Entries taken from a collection
****************************************

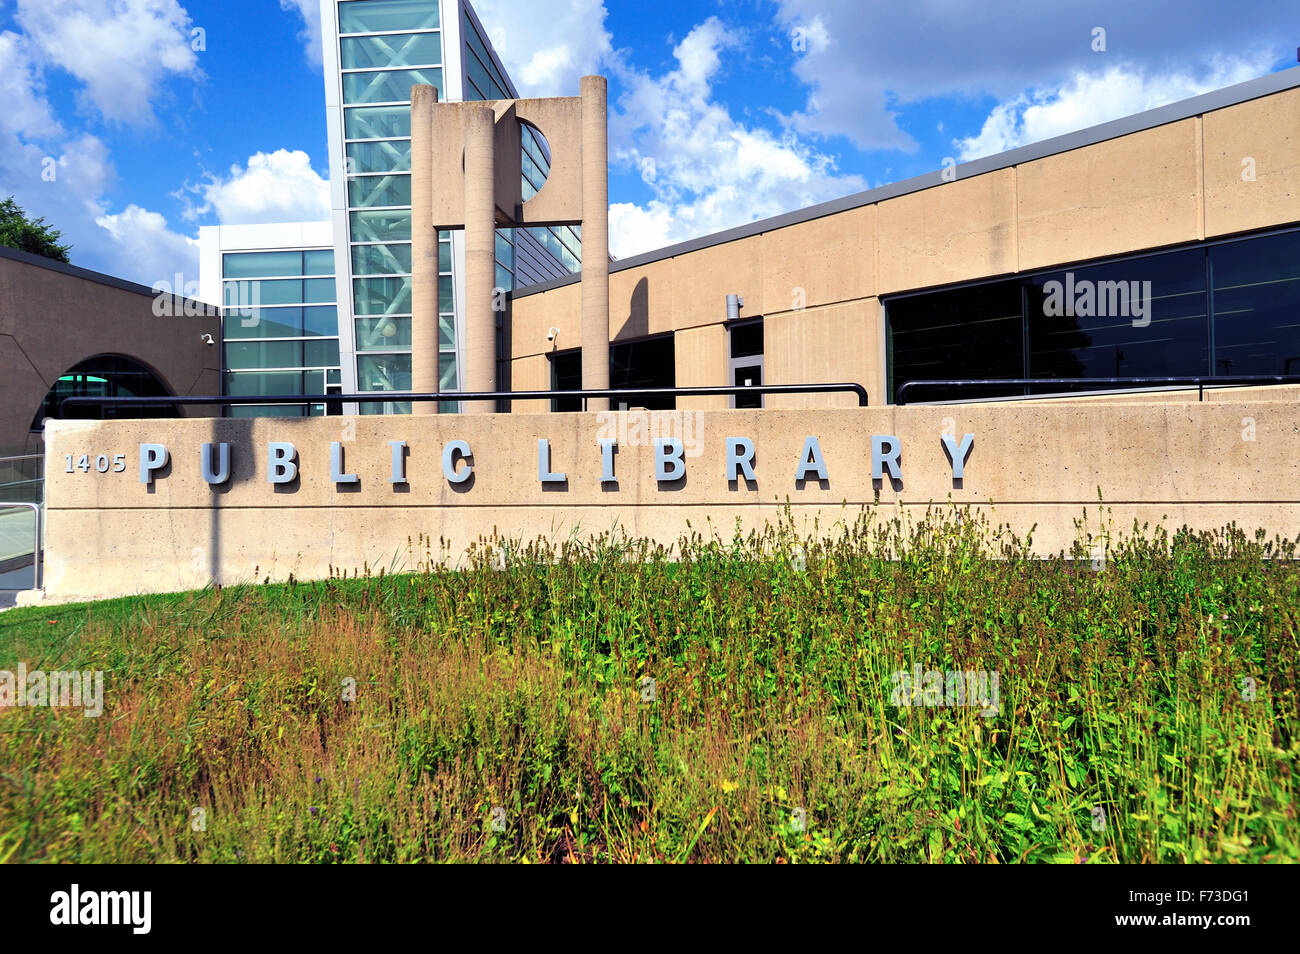 Las bibliotecas públicas de un alimento básico para la mayoría de las comunidades de la zona urbana. Esta versión moderna descansa en el suburbio de Chicago de Streamwood, Illinois, EE.UU. Foto de stock
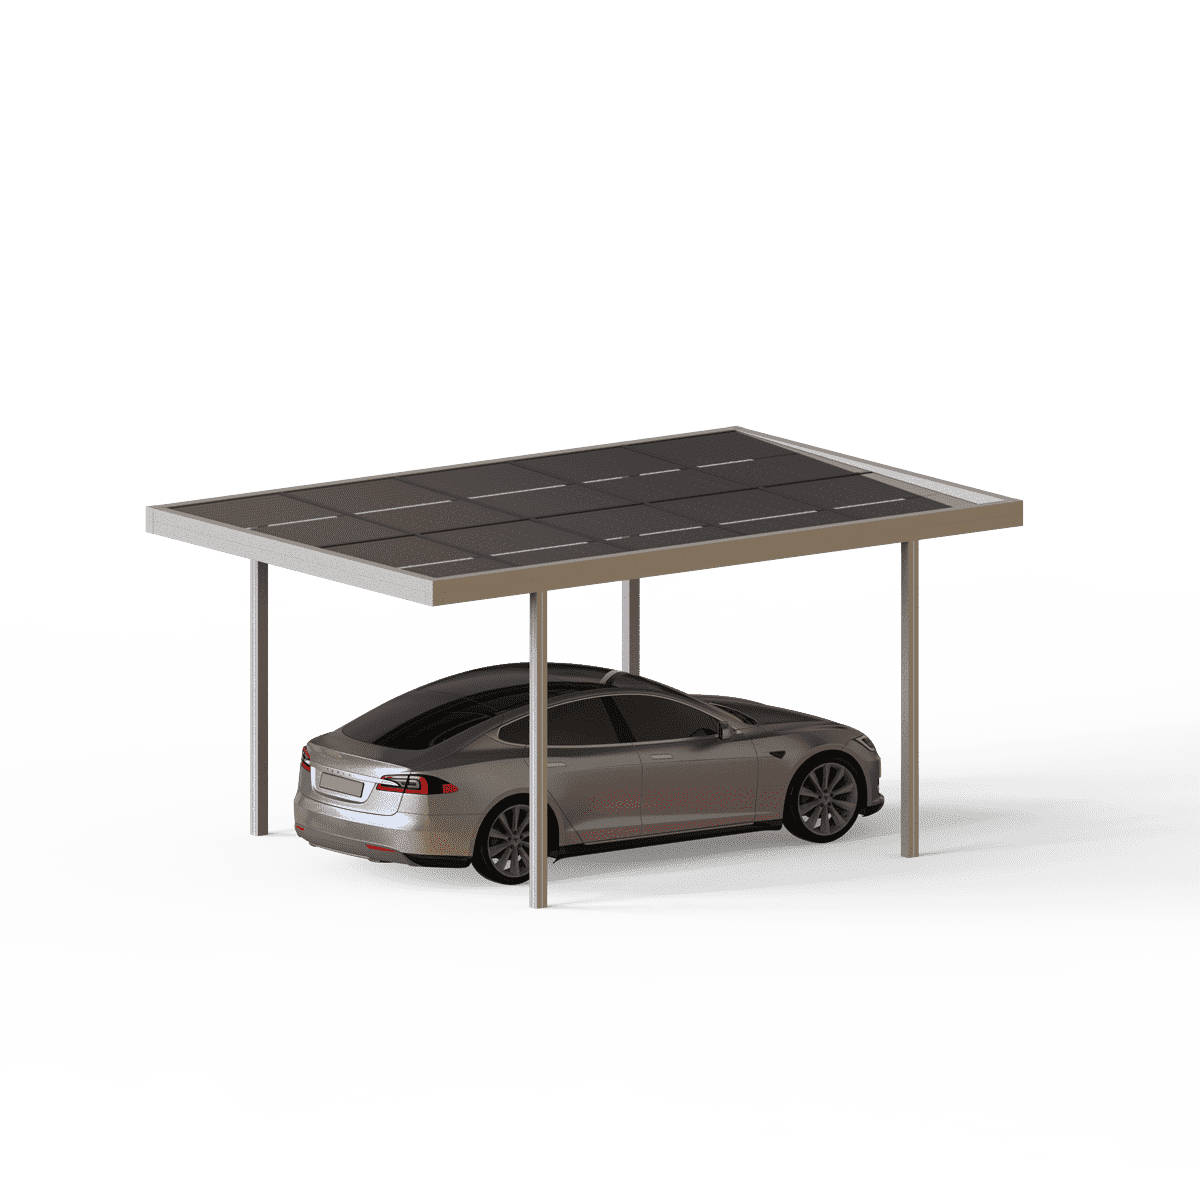 ePARK_solar_carport (16)
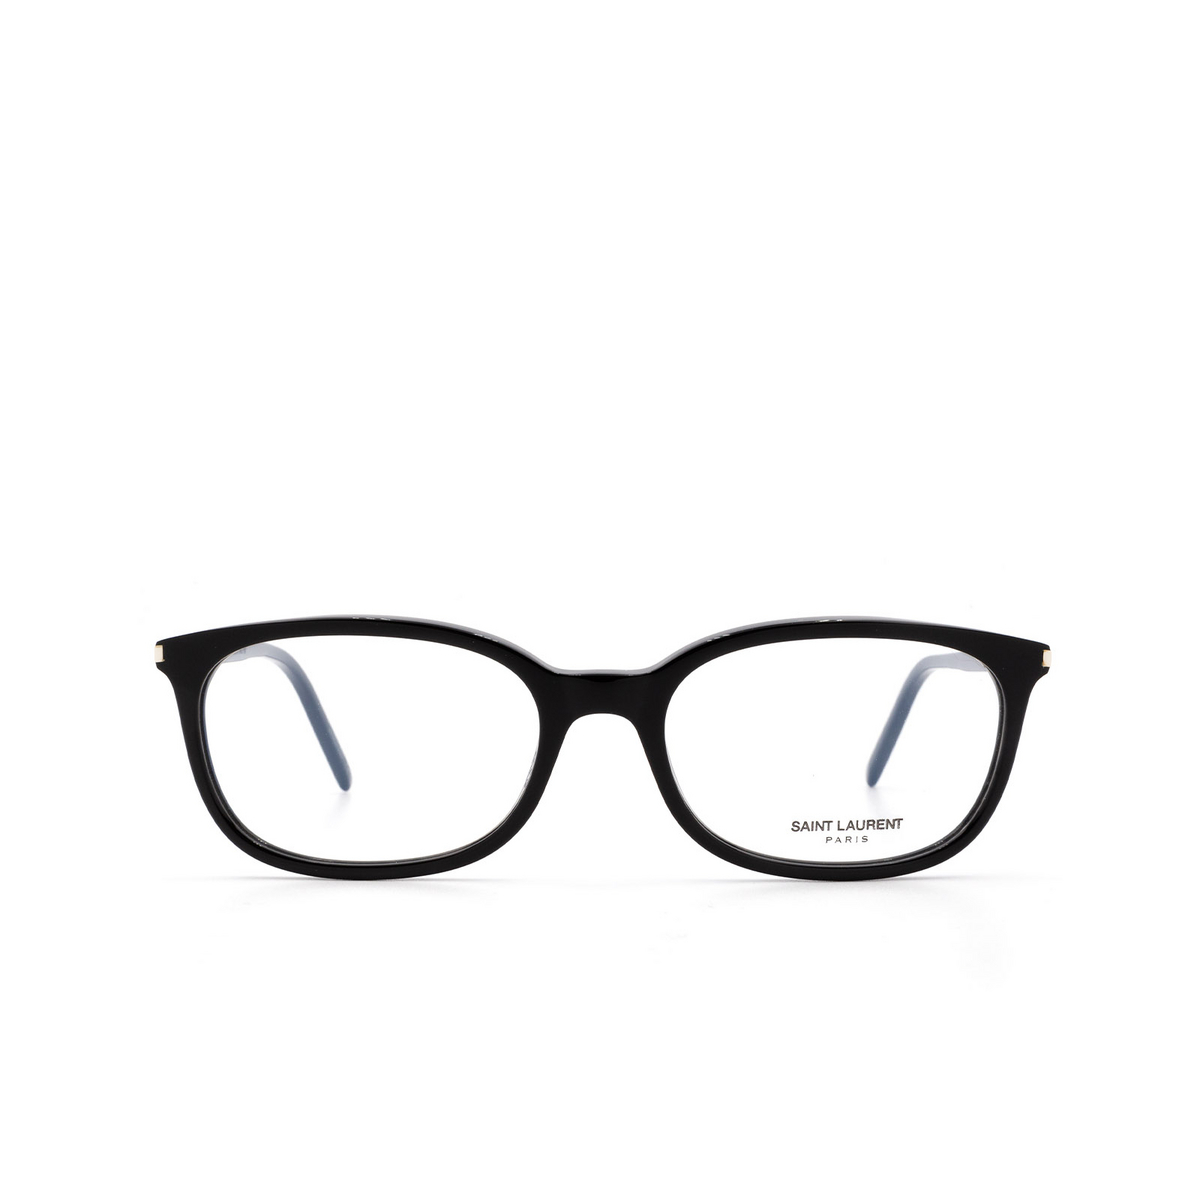 Saint Laurent® Rectangle Eyeglasses: SL 297 color Black 005 - 1/3.
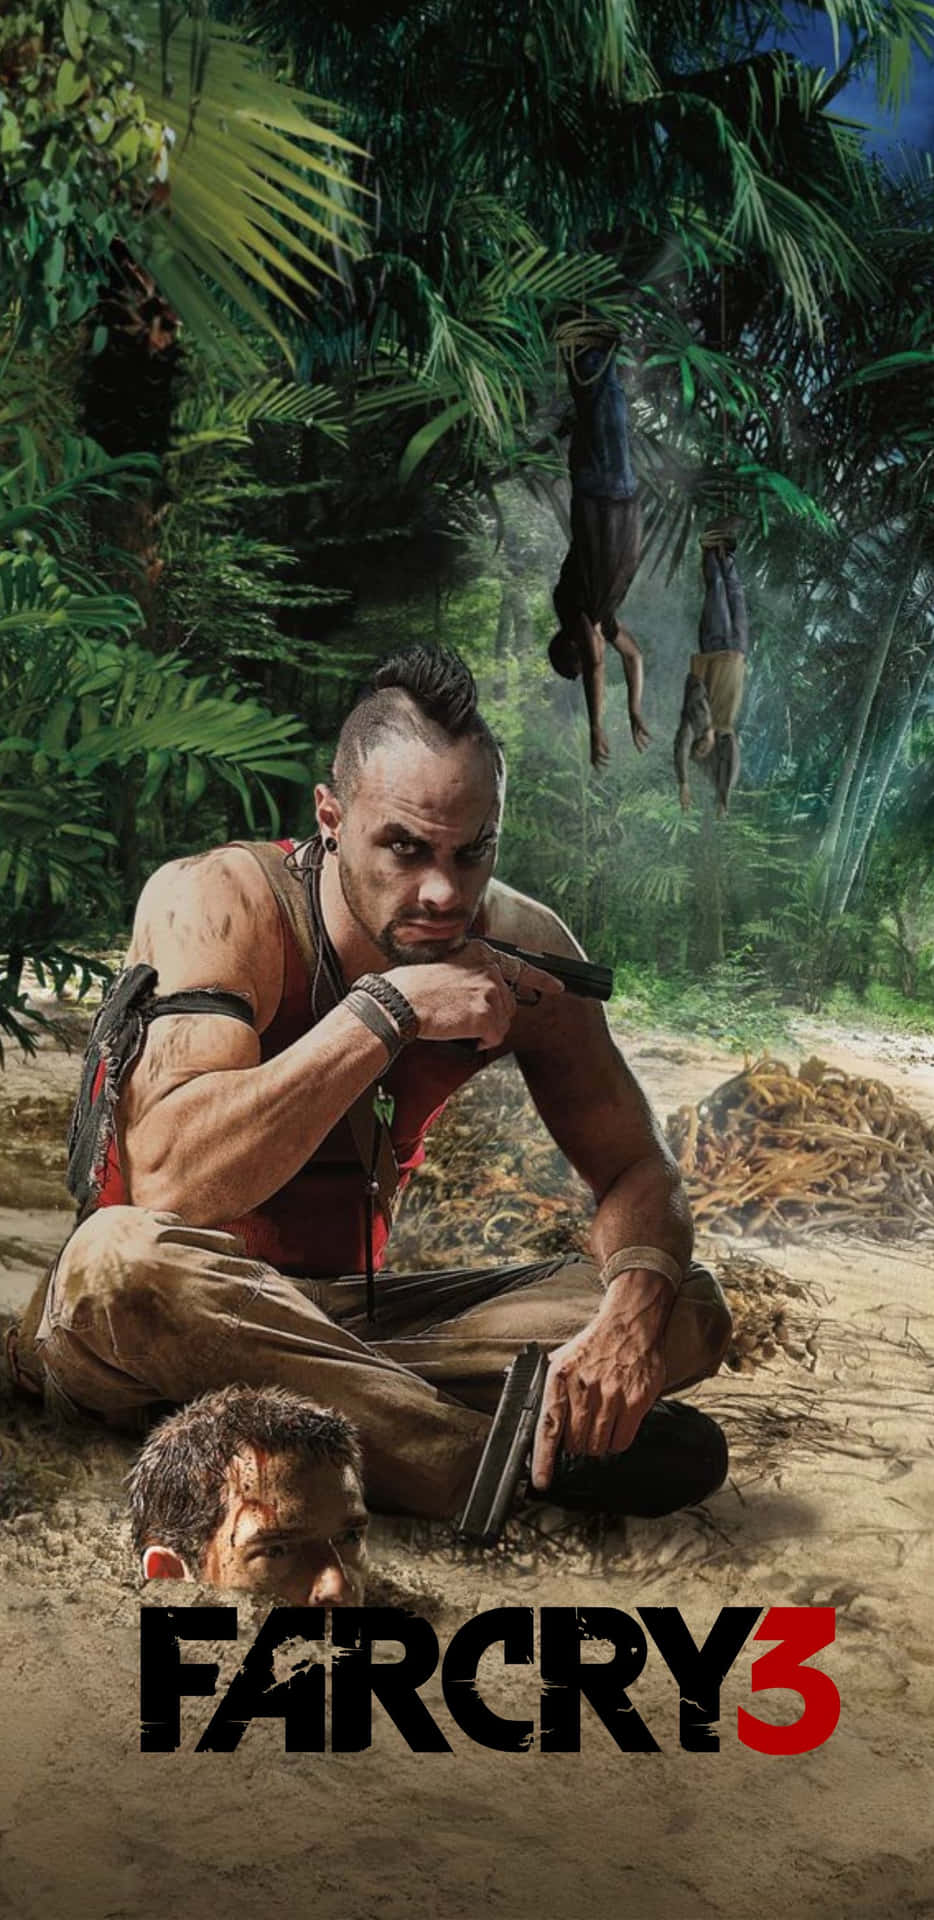 Sumérgeteen Los Impresionantes Visuales De Far Cry 3 Con El Pixel 3xl.
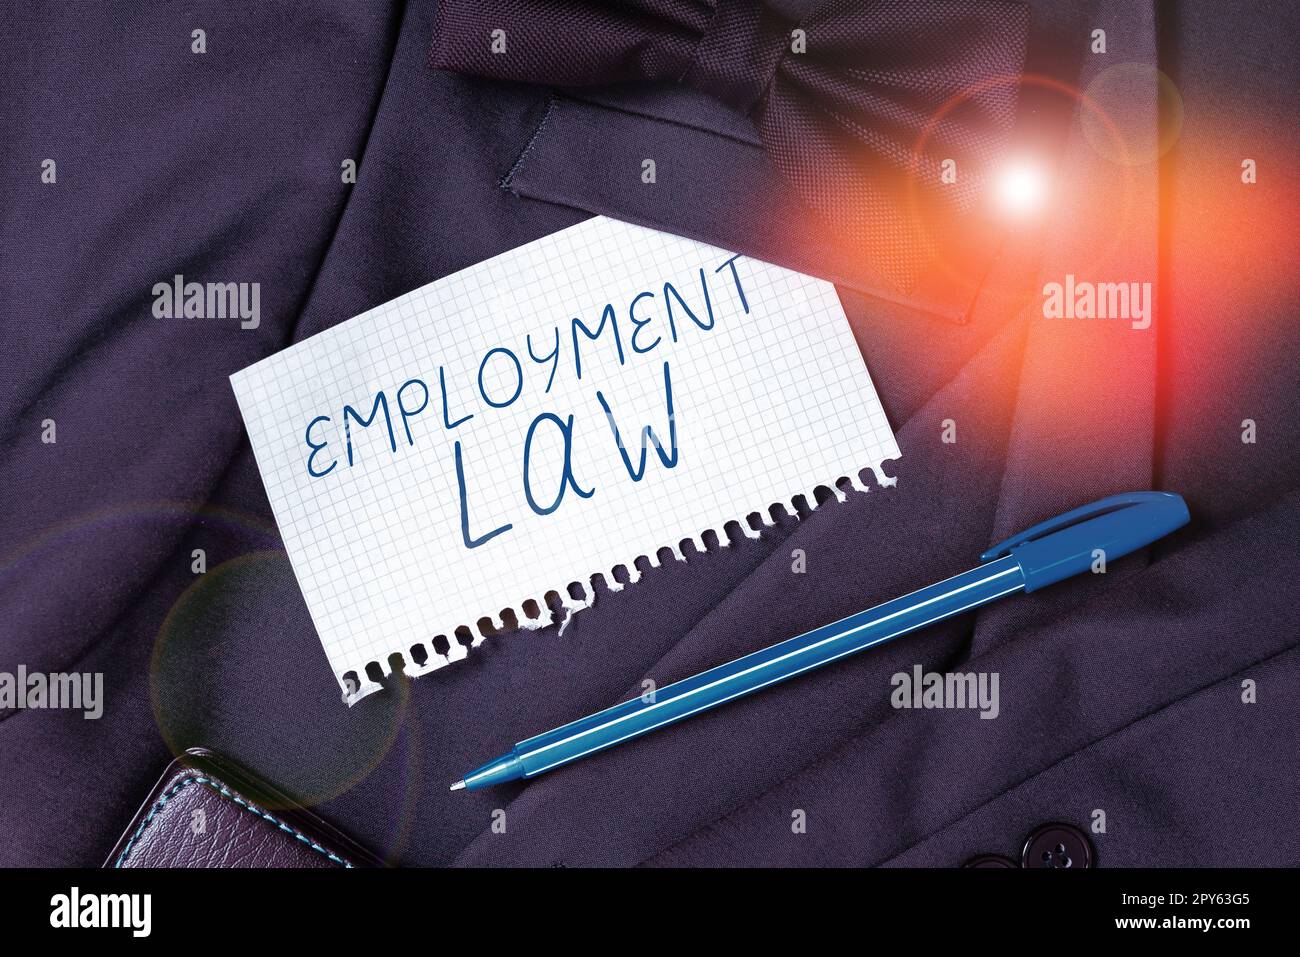 Affichage conceptuel droit de l'emploi. La vitrine commerciale traite des droits et devoirs juridiques des employeurs et des employés Banque D'Images

****************************************

Transcribe the records above exactly, omitting every picture they contain.

 Las bibliotecas públicas de un alimento básico para la mayoría de las comunidades de la zona urbana. Esta versión moderna descansa en el suburbio de Chicago de Streamwood, Illinois, EE.UU. Foto de stock
 ePARK_solar_carport (16)
 Saint Laurent® Rectangle Eyeglasses: SL 297 color Black 005 - 1/3.
 Sumérgeteen Los Impresionantes Visuales De Far Cry 3 Con El Pixel 3xl.
 Affichage conceptuel droit de l'emploi. La vitrine commerciale traite des droits et devoirs juridiques des employeurs et des employés Banque D'Images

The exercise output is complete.